安装hadoop1.2.1集群环境
一、规划
(一)硬件资源
10.171.29.191 master
10.173.54.84 slave1
10.171.114.223 slave2
(二)基本资料
用户: jediael
目录:/opt/jediael/
二、环境配置
(一)统一用户名密码,并为jediael赋予执行所有命令的权限
#passwd
# useradd jediael
# passwd jediael
# vi /etc/sudoers
增加以下一行:
jediael ALL=(ALL) ALL
(二)创建目录/opt/jediael
$sudo chown jediael:jediael /opt
$ cd /opt
$ sudo mkdir jediael
注意:/opt必须是jediael的,否则会在format namenode时出错。
(三)修改用户名及/etc/hosts文件
1、修改/etc/sysconfig/network
NETWORKING=yes
HOSTNAME=*******
2、修改/etc/hosts
10.171.29.191 master
10.173.54.84 slave1
10.171.114.223 slave2
注 意hosts文件不能有127.0.0.1 *****配置,否则会导致出现异常。org.apache.hadoop.ipc.Client: Retrying connect to server: master/10.171.29.191:9000. Already trie
3、hostname命令
hostname ****
(四)配置免密码登录
以上命令在master上使用jediael用户执行:
$ ssh-keygen -t dsa -P '' -f ~/.ssh/id_dsa
$ cat ~/.ssh/id_dsa.pub >> ~/.ssh/authorized_keys
然后,将authorized_keys复制到slave1,slave2
scp ~/.ssh/authorized_keys slave1:~/.ssh/
scp ~/.ssh/authorized_keys slave2:~/.ssh/
注意
(1)若提示.ssh目录不存在,则表示此机器从未运行过ssh,因此运行一次即可创建.ssh目录。
(2).ssh/的权限为600,authorized_keys的权限为700,权限大了小了都不行。
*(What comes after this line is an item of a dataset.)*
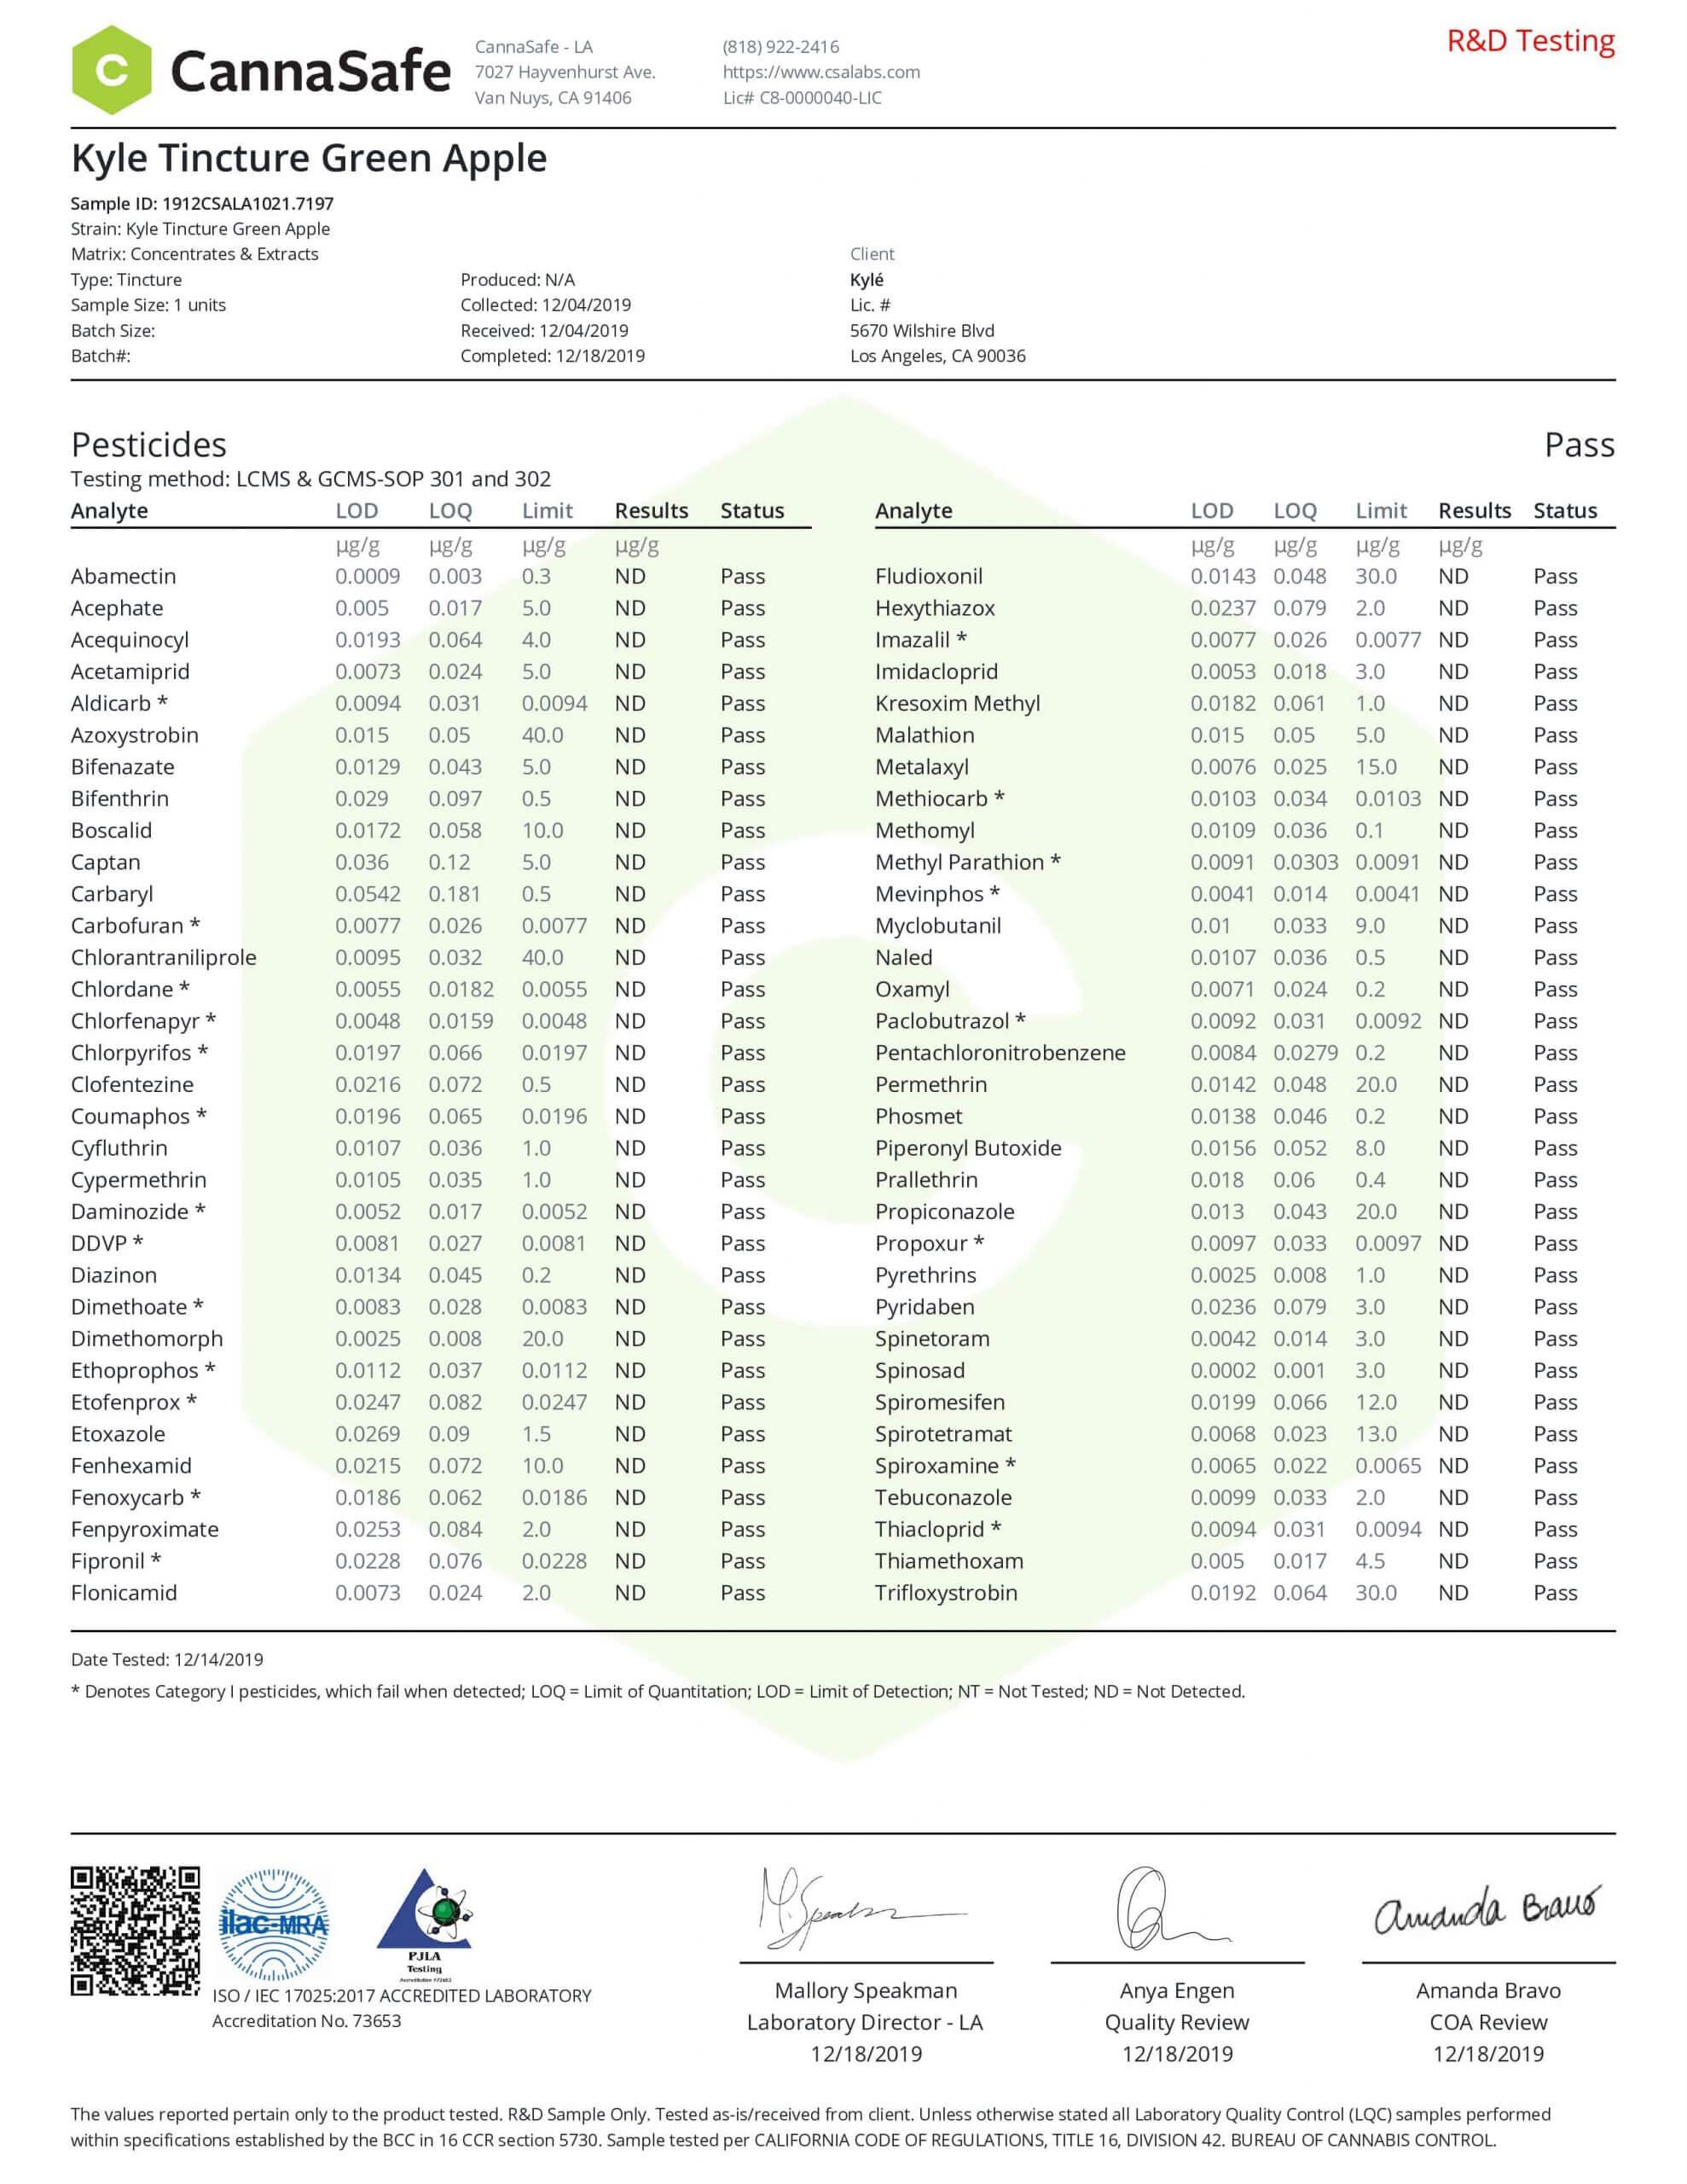 KYLE CBD Gold Green Apple Drop Lab Report Tincture Oil 1000mg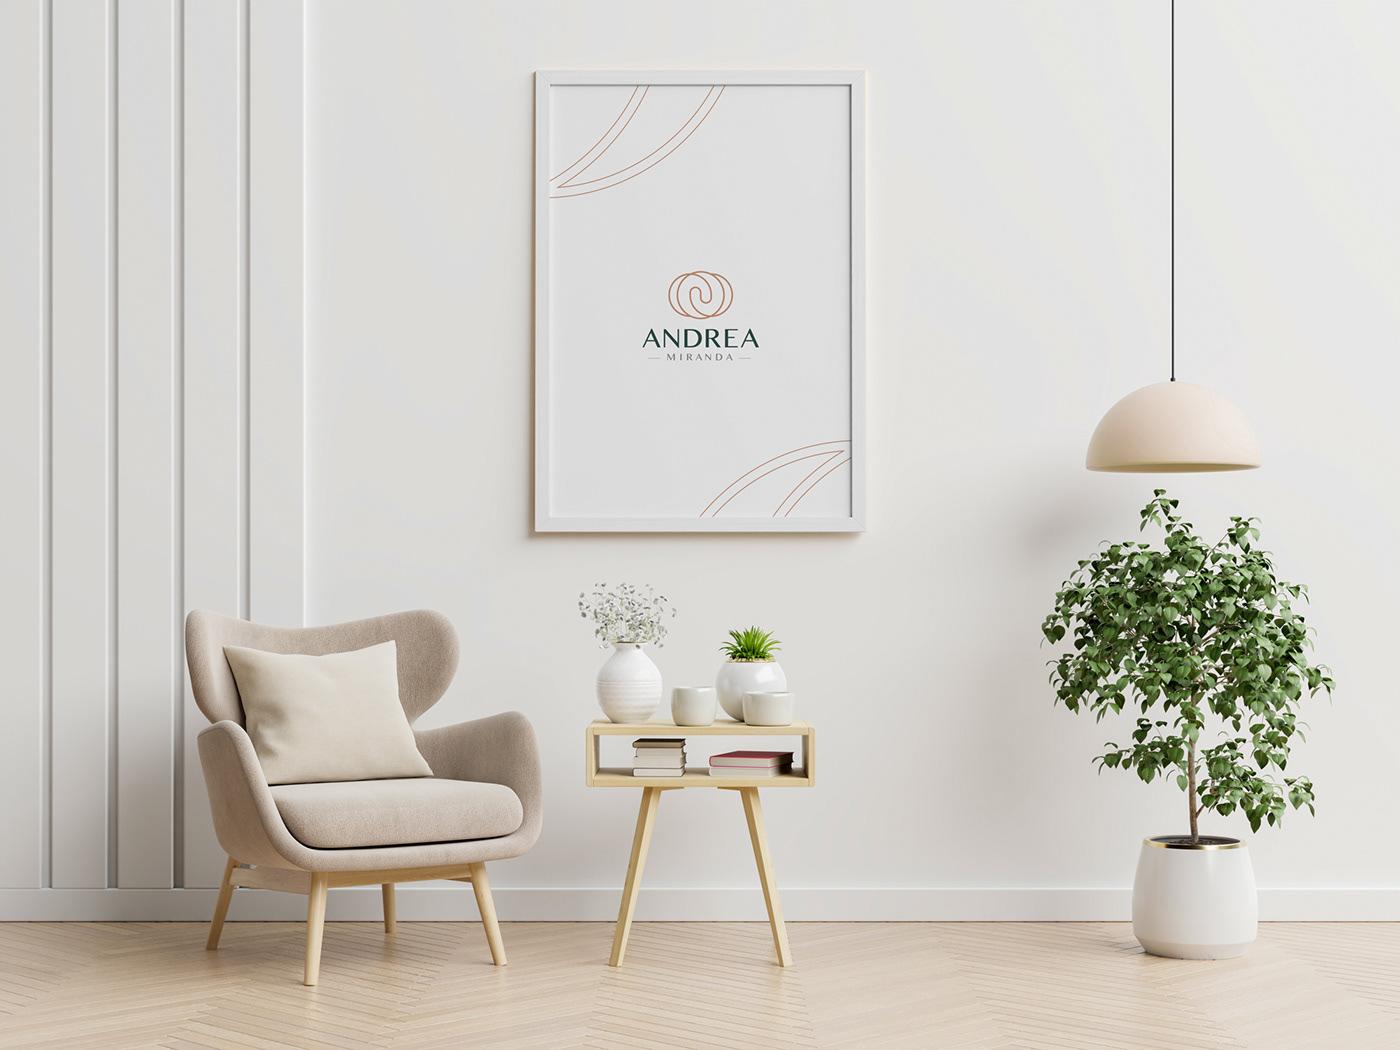 cura feminino homeopatia identidade de marca identidade visual logo Logotipo medicina antroposófica Nature

(五)在3台机器上分别安装java,并设置相关环境变量
参考http://blog.csdn.net/jediael_lu/article/details/38925871
(六)下载hadoop-1.2.1.tar.gz,并将其解压到/opt/jediael
三、修改配置文件
【3台机器上均要执行】
(一)修改conf/hadoop_env.sh
export JAVA_HOME=/usr/java/jdk1.7.0_51
(二)修改core-site.xml
<property>
<name>fs.default.name</name>
<value>hdfs://master:9000</value>
</property> <property>
<name>hadoop.tmp.dir</name>
<value>/opt/tmphadoop</value>
</property>
(三)修改hdfs-site.xml
<property>
<name>dfs.replication</name>
<value>2</value>
</property>
(四)修改mapred-site.xml
<property>
<name>mapred.job.tracker</name>
<value>master:9001</value>
</property>
(五)修改master及slaves
master:
master slaves:
slave1
slave2
可以在master中完成上述配置,然后使用scp命令复制到slave1与slave2上。
如:
$scp core-site.xml slave2:/opt/jediael/hadoop-1.2.1/conf
四、启动并验证
1、格式 化namenode【此步骤在3台机器上均要运行】
[jediael@master hadoop-1.2.1]$ bin/hadoop namenode -format
15/01/21 15:13:40 INFO namenode.NameNode: STARTUP_MSG:
/************************************************************
STARTUP_MSG: Starting NameNode
STARTUP_MSG: host = master/10.171.29.191
STARTUP_MSG: args = [-format]
STARTUP_MSG: version = 1.2.1
STARTUP_MSG: build = https://svn.apache.org/repos/asf/hadoop/common/branches/branch-1.2 -r 1503152; compiled by 'mattf' on Mon Jul 22 15:23:09 PDT 2013
STARTUP_MSG: java = 1.7.0_51
************************************************************/
Re-format filesystem in /opt/tmphadoop/dfs/name ? (Y or N) Y
15/01/21 15:13:43 INFO util.GSet: Computing capacity for map BlocksMap
15/01/21 15:13:43 INFO util.GSet: VM type = 64-bit
15/01/21 15:13:43 INFO util.GSet: 2.0% max memory = 1013645312
15/01/21 15:13:43 INFO util.GSet: capacity = 2^21 = 2097152 entries
15/01/21 15:13:43 INFO util.GSet: recommended=2097152, actual=2097152
15/01/21 15:13:43 INFO namenode.FSNamesystem: fsOwner=jediael
15/01/21 15:13:43 INFO namenode.FSNamesystem: supergroup=supergroup
15/01/21 15:13:43 INFO namenode.FSNamesystem: isPermissionEnabled=true
15/01/21 15:13:43 INFO namenode.FSNamesystem: dfs.block.invalidate.limit=100
15/01/21 15:13:43 INFO namenode.FSNamesystem: isAccessTokenEnabled=false accessKeyUpdateInterval=0 min(s), accessTokenLifetime=0 min(s)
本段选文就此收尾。